One non-obivous design (there are several) is that pull_internal_progress should indicate what messages were accepted by the scope, rather than have push_external_progress assign responsibility. We found the former worked better in Naiad, in that the scheduler did not need to understand the routing of messages; workers simply picked up what they were delivered, and told the scheduler, who eventually concludes that all messages are accounted for.

Scope Implementation

A scope must implement the trait above, but is otherwise unconstrained. Notice that the trait does not detail how data are moved around, only how a scope should acknowledge receipt of data, production of data, and any outstanding work. A concrete scope implementation will almost certainly (one hopes) describe how to process some data, including mechanisms for receiving, acting on, and transmiting this data. However, this is not part of the scope interface.

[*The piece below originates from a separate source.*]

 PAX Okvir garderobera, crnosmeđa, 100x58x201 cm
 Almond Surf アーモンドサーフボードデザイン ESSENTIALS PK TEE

The Subgraph struct implements the Scope trait, with a generic implementation as a container for other scopes.

The src/example/ subdirectory has some example classes, likely to be cleaned up and included officially, implementing corresponding scopes and data movement for simple timely dataflow vertices, including Input, Concat, Feedback, and Queue. They are probably more complicated than they need to be, but as common patterns are extracted, custom vertices should become simpler.